Backup indexes: only available for S3 and EBS. Every recovery point is indexed so it can search later.
Scan recovery points with GuardDuty for malware: only for S3, EC2 and EBS.
Advance settings like backup your ACLs and object tags when you are backing up S3 resources.

Assigning resources

When we create the plan we have the option to assign resources. To our daily backup we are going to start backing up S3 buckets. So, after creating the plan on the console we will see the following screen:

something

One resource assignment will contain one entry, so is it’s own entity. After the name we can select the role with the required permission we need, otherwise we can use one created by the service itself. And we can start with the resource selection. We can just select all the resources supported available on the account or we can select specific ones. In this case we select all the buckets on the account. Now is when things gets interesting. In many cases, we do not want to backup all S3 because they are not work to backup, for instance, temporary data, deployment assets that are sort live or other data for maintaining the account. So, in the next option we can select tags and conditions for its values that if that only when the condition met the S3 bucket is bucket. In AWS, the use of the tags is really important, so when you building your applications remember to add a tagging strategy to it. If you do not tag your resources from start, think about how to autotag them later. The good thing of tagging is that do not create infrastructure drifts, so you can use AWS Config or one custom autotagging solution even with resources that have been provisioned on stacks with cloudformation.

something

Create the resource assignments per supported services it gives the opportunity to the platform to make sure for instance to backup the supported services at this moment by the platform or not add resources that your platform never going to utilize.

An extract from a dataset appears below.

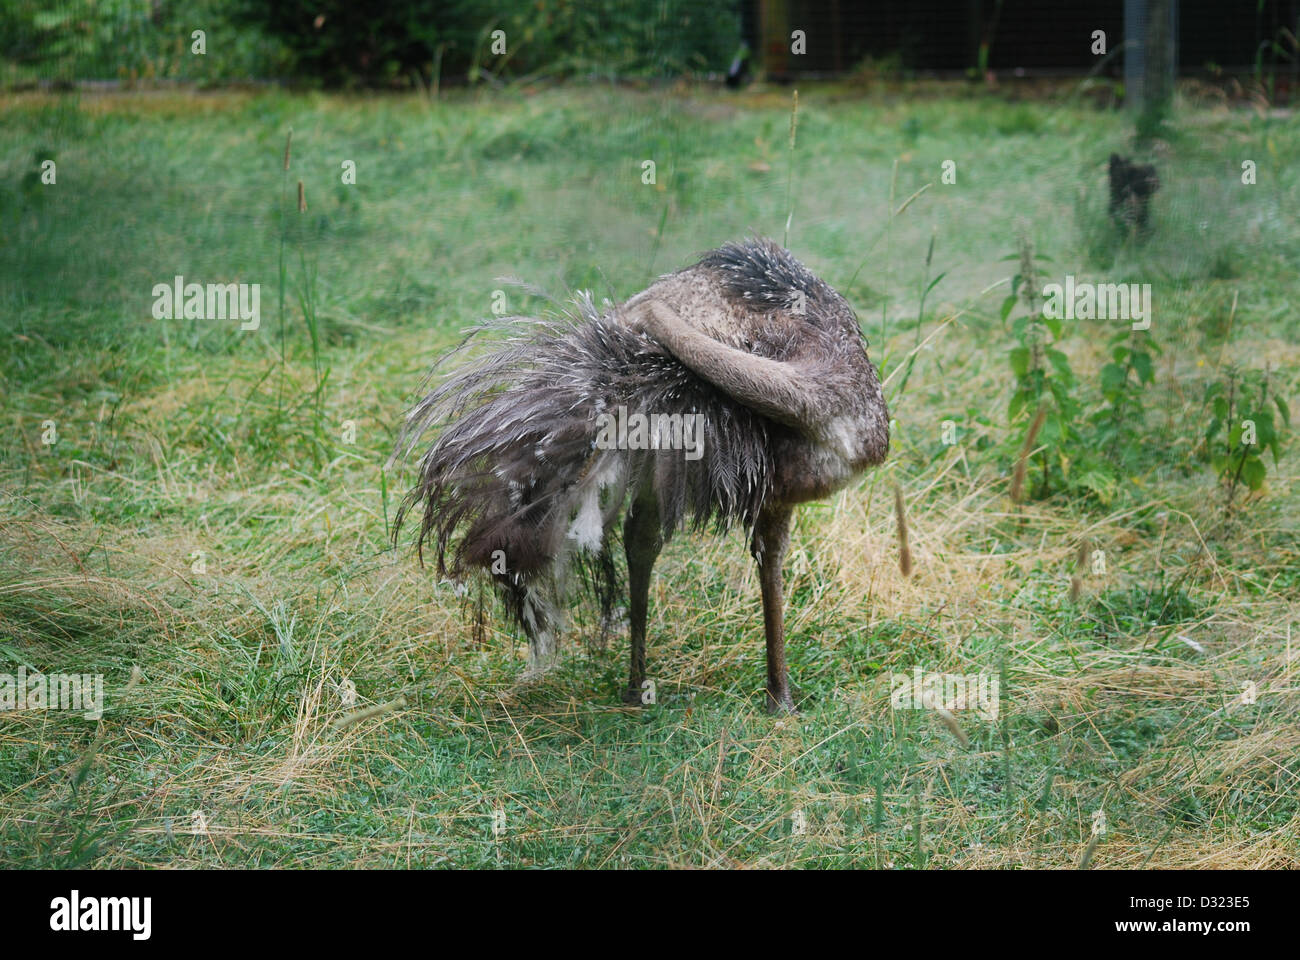 Un esotico Darwin bird governare le sue piume presso lo zoo di Edimburgo in un aperto erba verde campi di penna con grigio grigio piumaggio piume Foto Stock
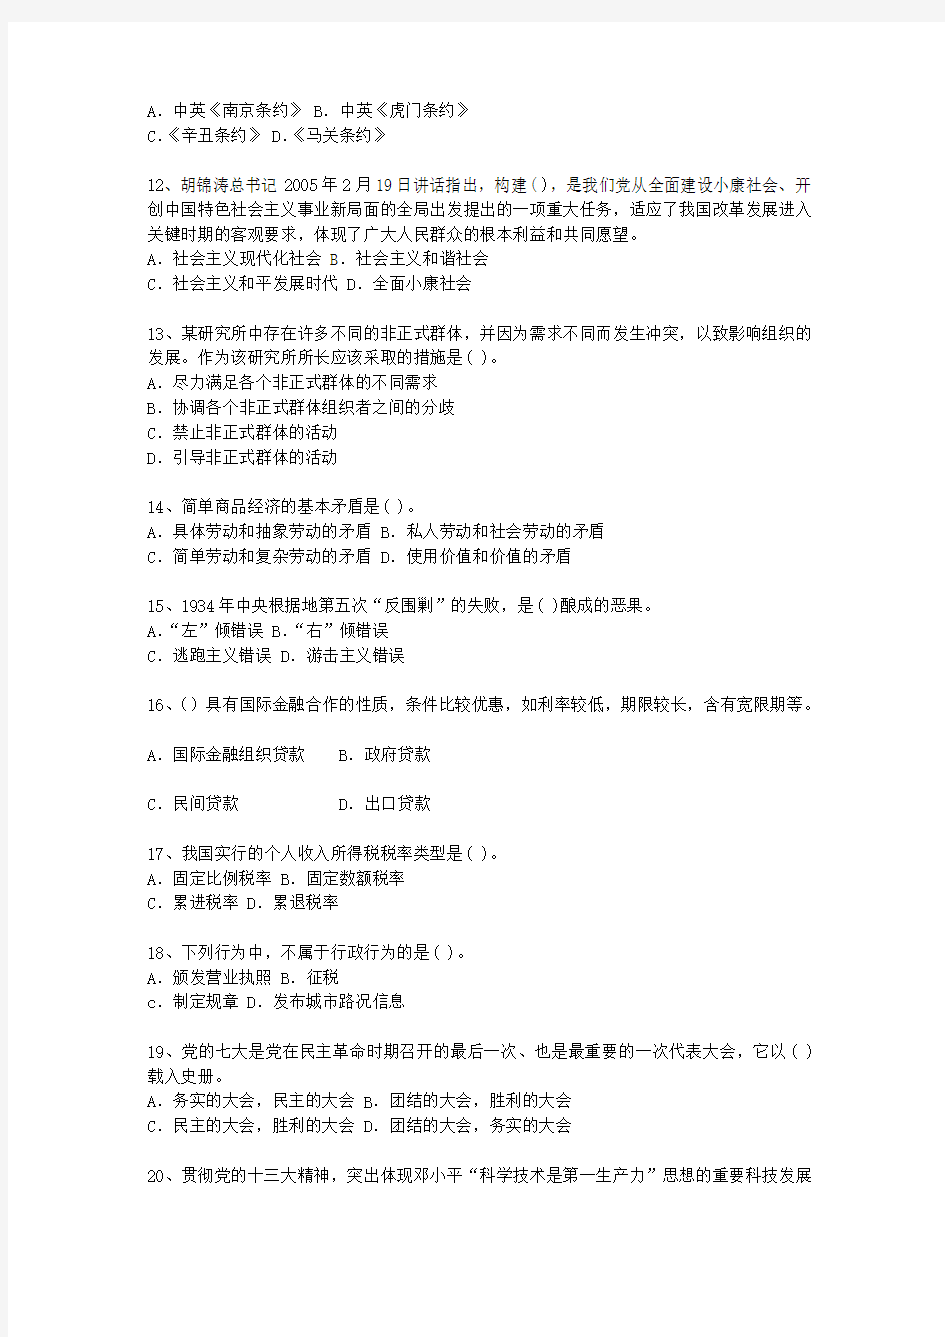 2013广东省公开选拔党政副科级领导干部公共科目最新考试试题库(完整版)

Backup jobs and backups reports.

When our backup plans are execute, the service will generate a job per backup plan configuration we defined. If we follow the example that we created above, a backup job will be created for our S3 resources. We can see the executions on the AWS Backups → Job and after the Job is finished we can check the status of all the jobs on the AWS Backups → Dashboard → Jobs Dashboard. If we want to automate the monitoring of the backup jobs, for instance to be alerted when a backup job failed, then we can rely on Amazon EventBridge for that.